I'm not good with introductions.
I do not what my type is. I've taken several online tests but the result has varied. The type I get most frequently is INTP. I've read the profile for INTP, and while some of it sounds like me; there are parts of the description that do not fit. Either I do not understand exactly what they are asking or I am not answering truthfully.
I think of myself as a feeler type. As a child I would cry whenever my siblings were spanked, or whenever I saw someone in pain. I was very needy of my mother's attention, and cried whenever she left me alone for long periods. I attribute this to being an orphan. I was not adopted until I was 4-5 yrs old. I didn't have many friends growing up. At times I felt sad about this, but I can never recall feeling bored as a child. There was always something to think about or do.
I've always been very restless and physically active. I was never very good at team sports, but did reasonably well at solo sports. I did not like team sports because of the fear I would let people down. Anything that requires endurance and rigorous training appeals to me. Whenever I can not work off excess energy, I become very chatty and boisterous.
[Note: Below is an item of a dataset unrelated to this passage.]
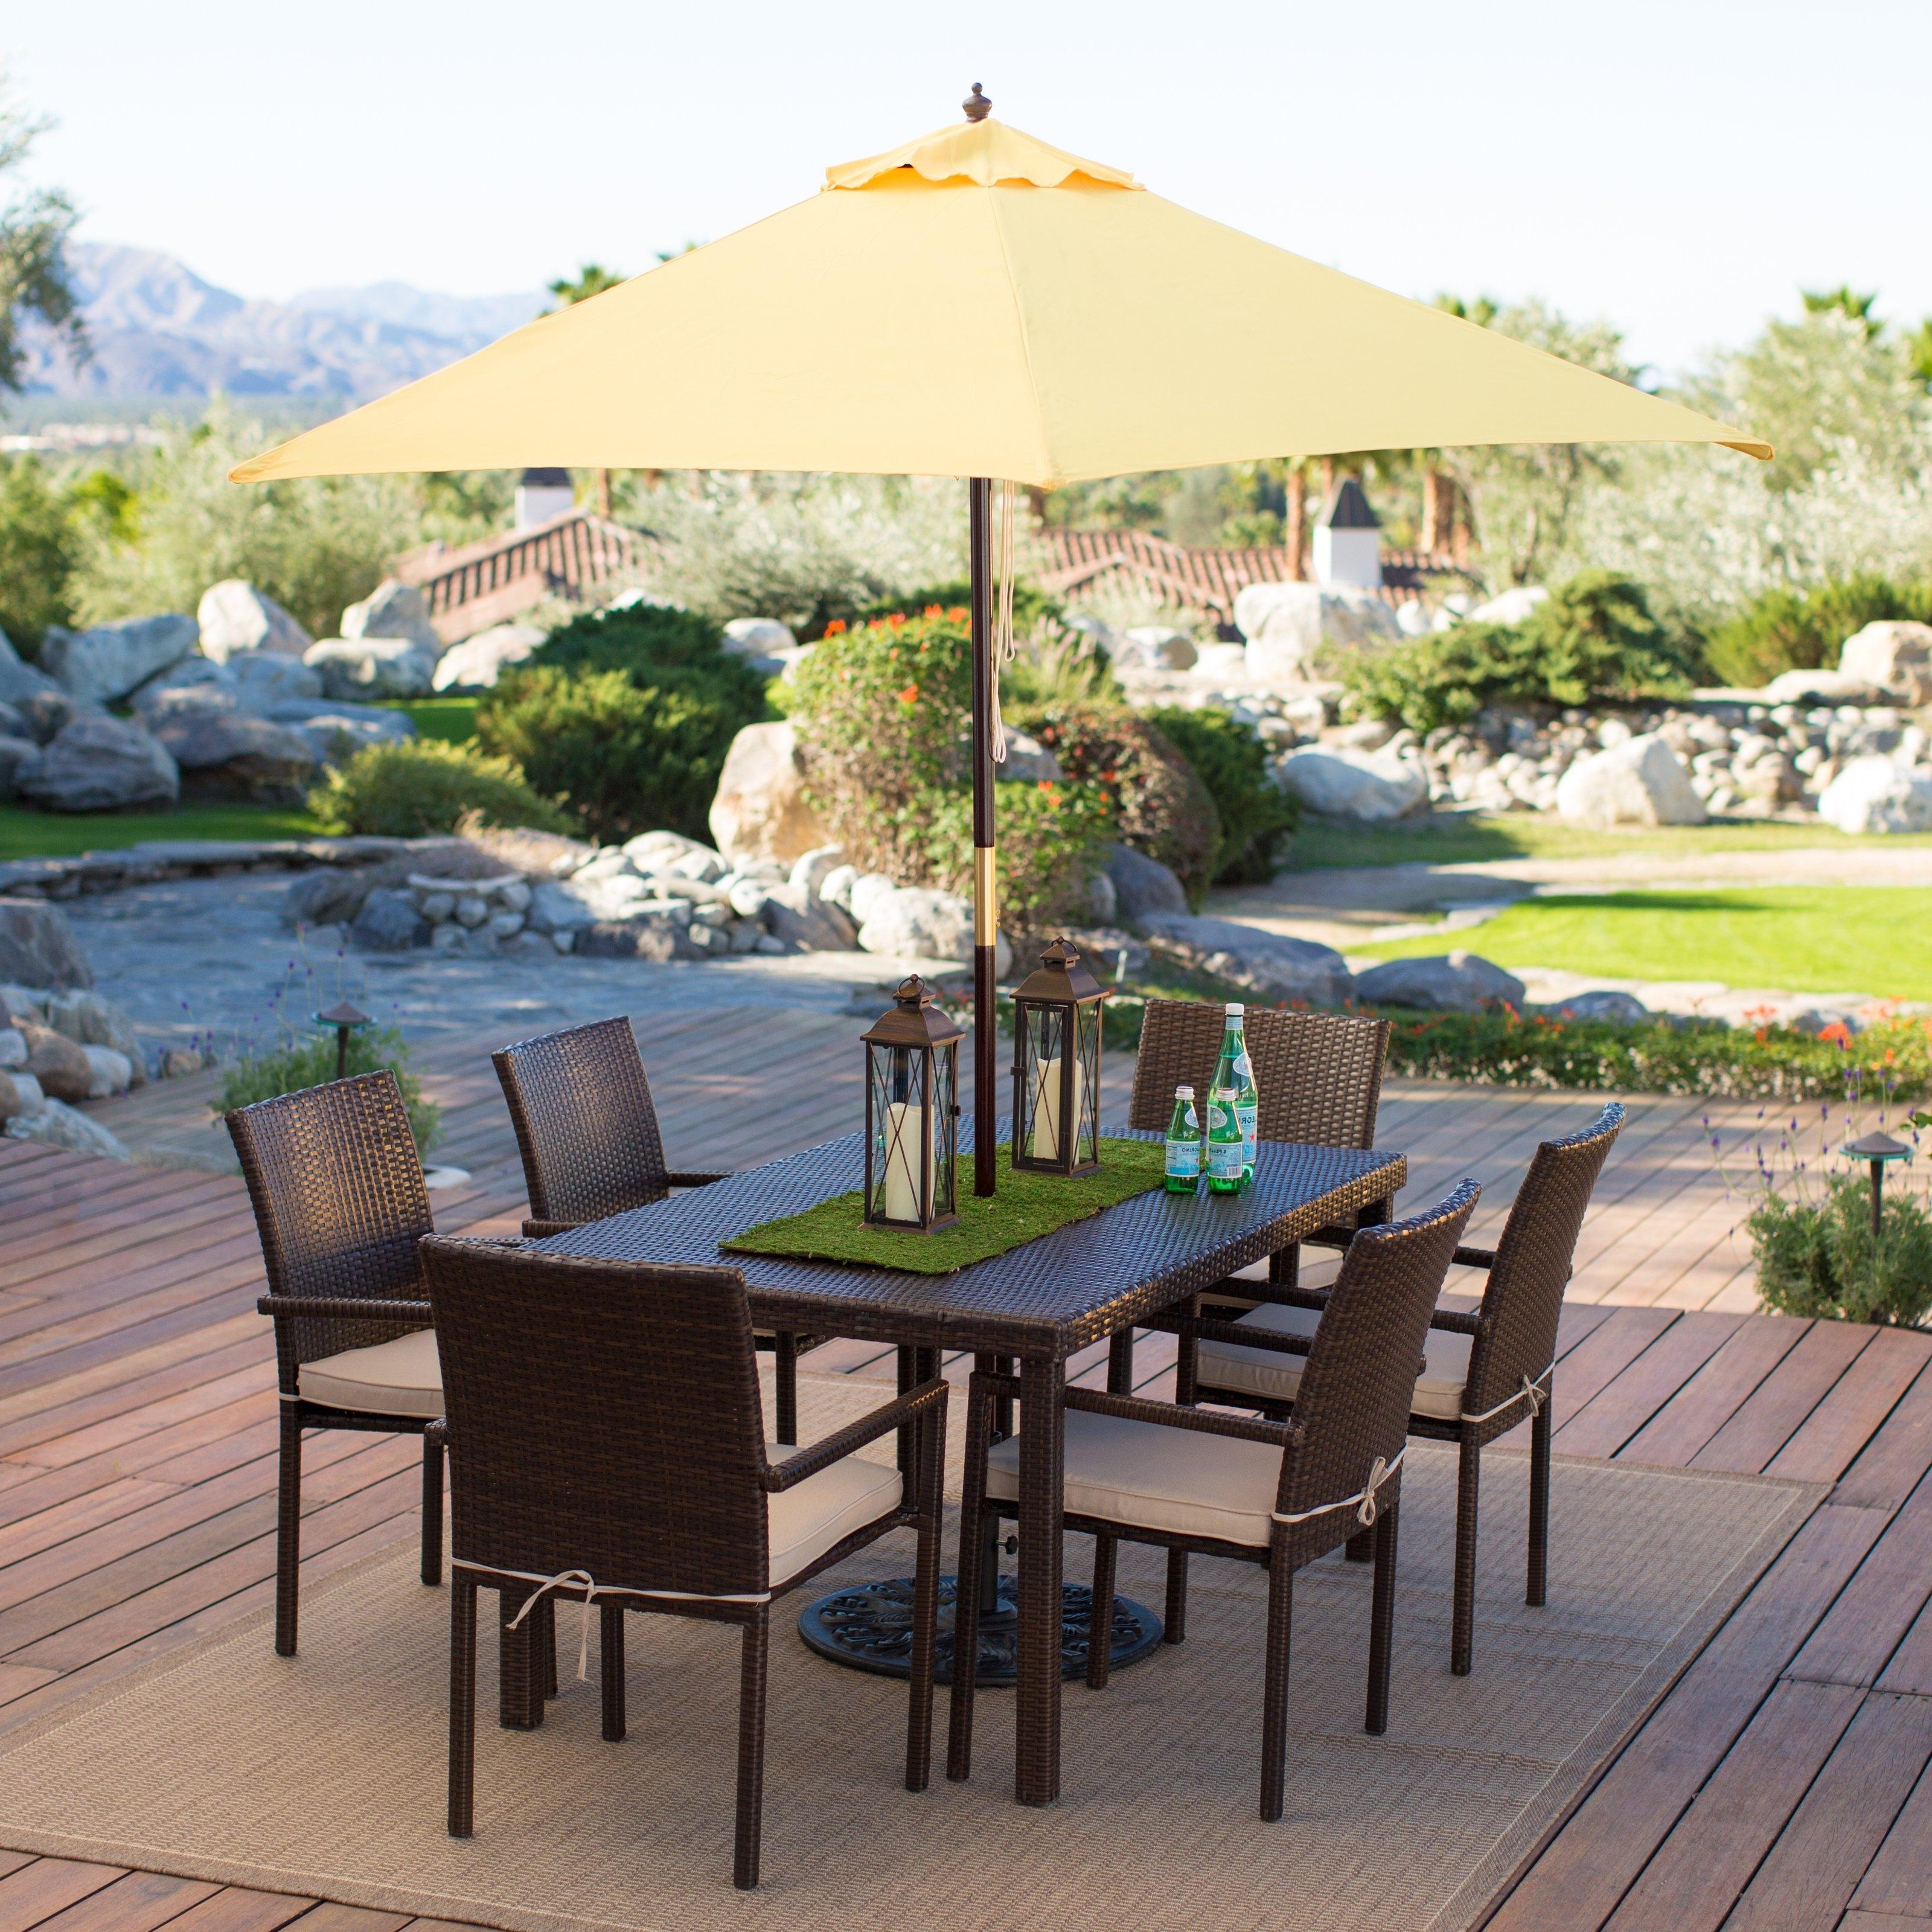 Most Recent Giant Patio Umbrellas Within Garden: Enchanting Outdoor Patio Decor Ideas With Patio Umbrellas (View 18 of 20)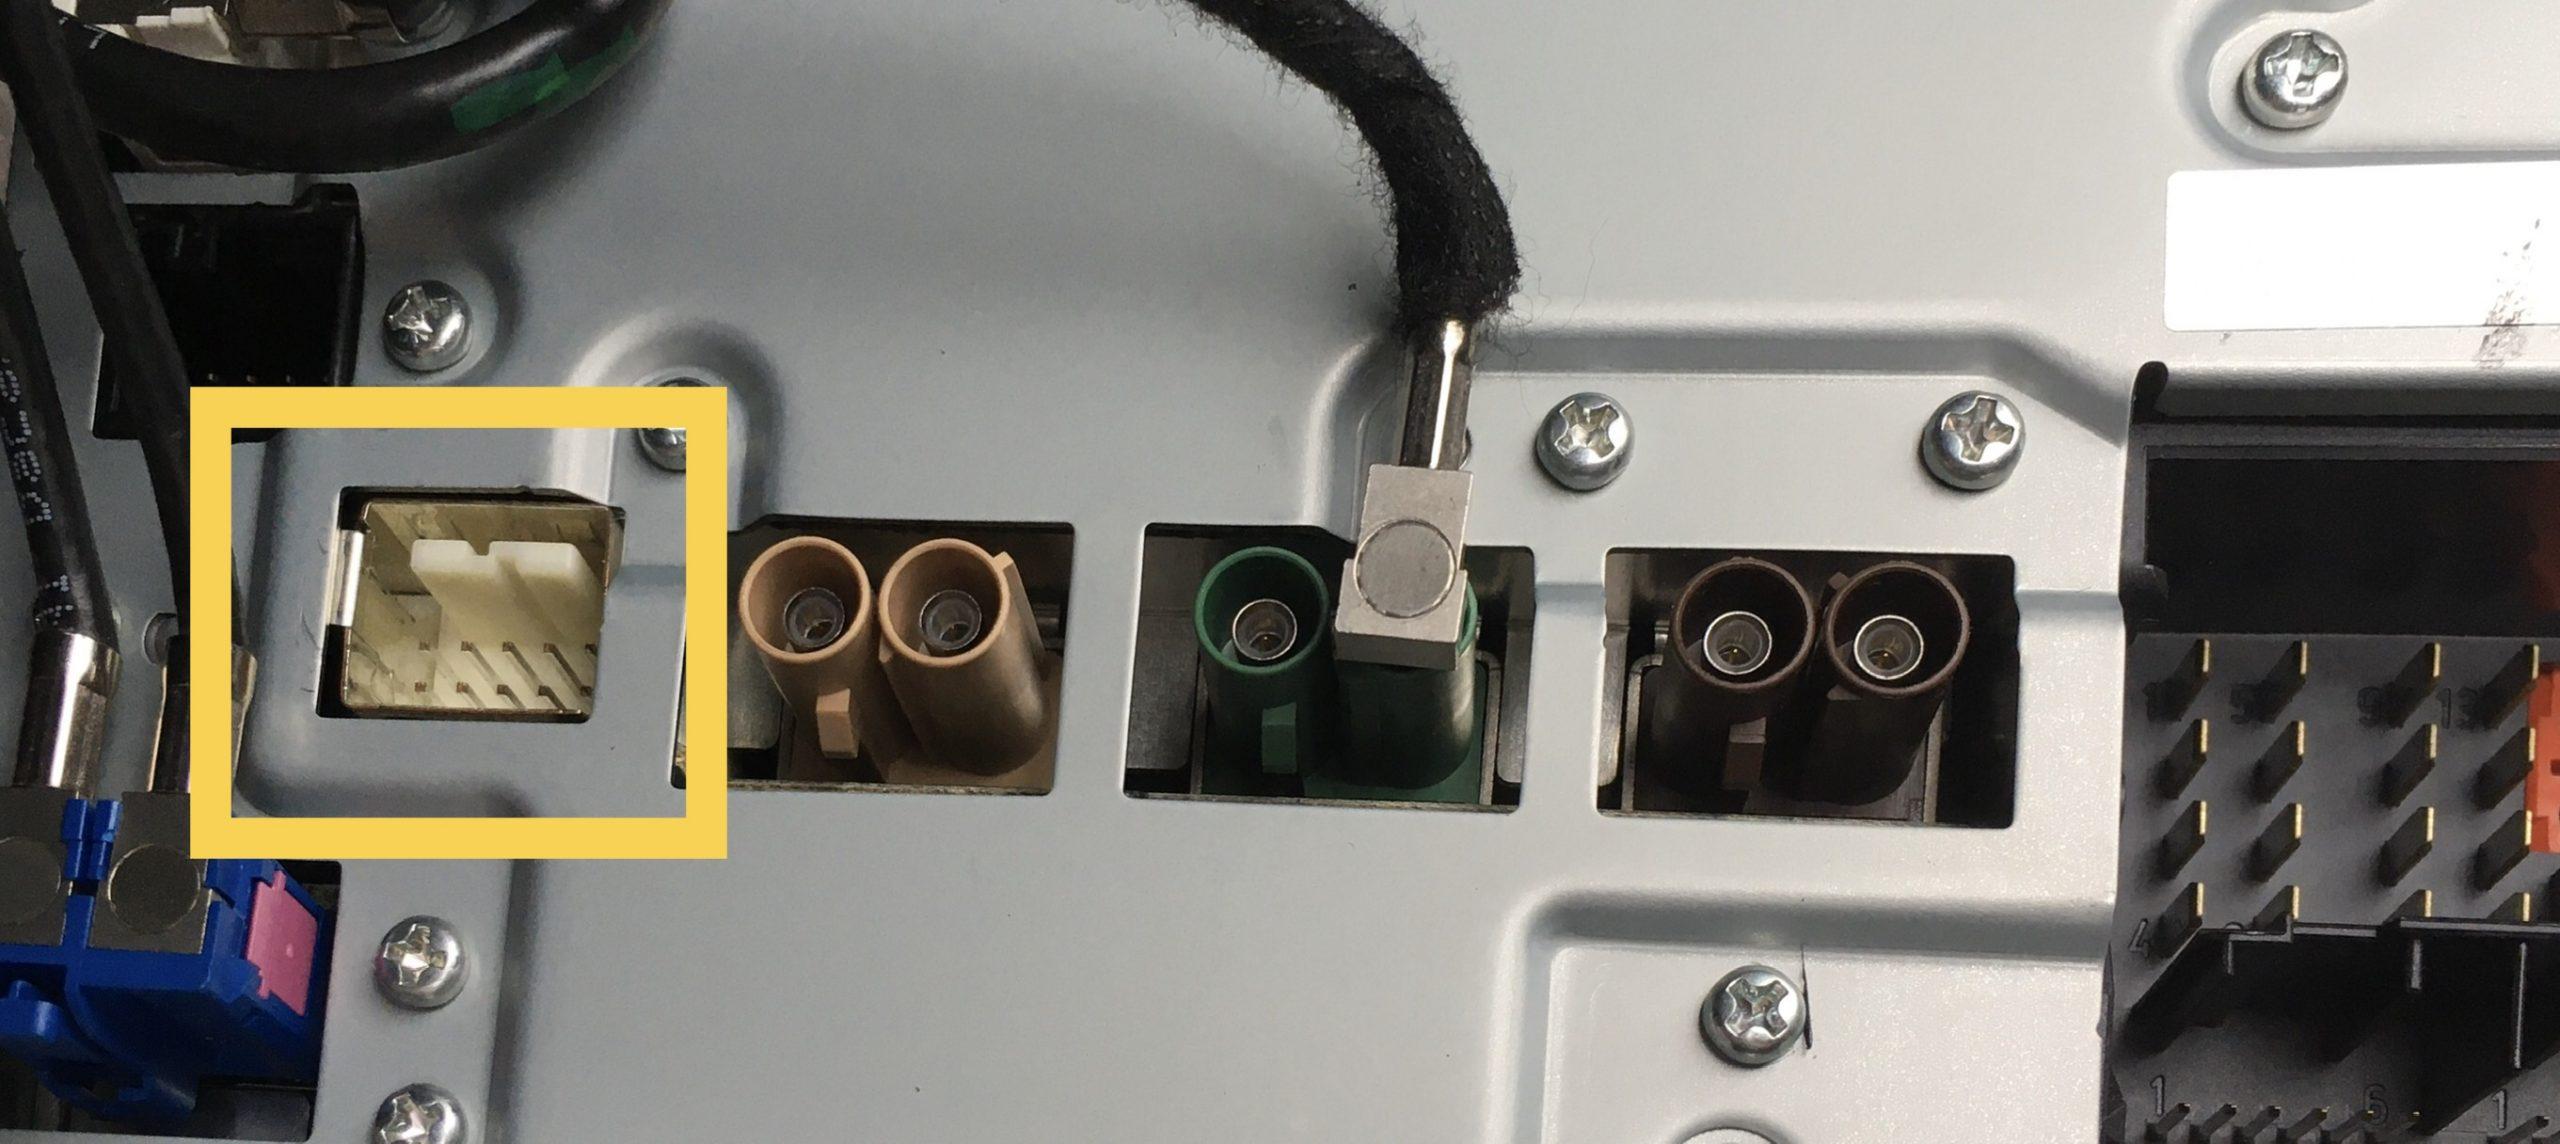 NTG4.0 display connector

Almost like the energy needs to be burned off somehow.
I have always been an average/below average student, but score very high on tests/exams. This is probably why my grades improved drastically when I started attending college. If I can see how a certain problem is done step by step, if a similar problem is given I can work out how to solve it. I learn faster by this method than being given piecemeal problems. Every bit of knowledge exists to support or refute another piece of knowledge.
Most of my friends are strong T types, as I find my personality and friendship style offends strong F types. They often think I do not like them or that I believe I am "hot stuff." I've been working on smalltalk and being friendly. I don't gain anything from these interactions, but find these are important to other people so I try. I've come to the conclusion that most people are so busy with their own issues/lives, that even if you are faking it they don't know the difference. I don't do this to hurt anyone or be deceitful, but to avoid conflict/negative feelings.
I am 21 yrs old and have yet to be in a longterm relationship. Sometimes I crave the intimacy that others have with their SO's. But being with someone and tricking your emotions into feeling what otherwise would not be there is sort of ridiculous. I know I am capable of emotional attachment, but think a lot of that comes from shared experience/time together. I do not want to become emotionally attached to someone who is not suitable or will have a negative impact on my life.
Dating/courtship are like foreign languages to me. Unless a person outright says they are interested, I will be clueless. I don't like playing the field, primarily because I am not adept at it. To a lesser extent I find it repugnant. I am not a virgin and believe sex can be casual. I doubt I am particularly good at it though, as I do not engage in much foreplay.
This is a rather long description. Hope someone makes it all the way down here. Thanks for the input!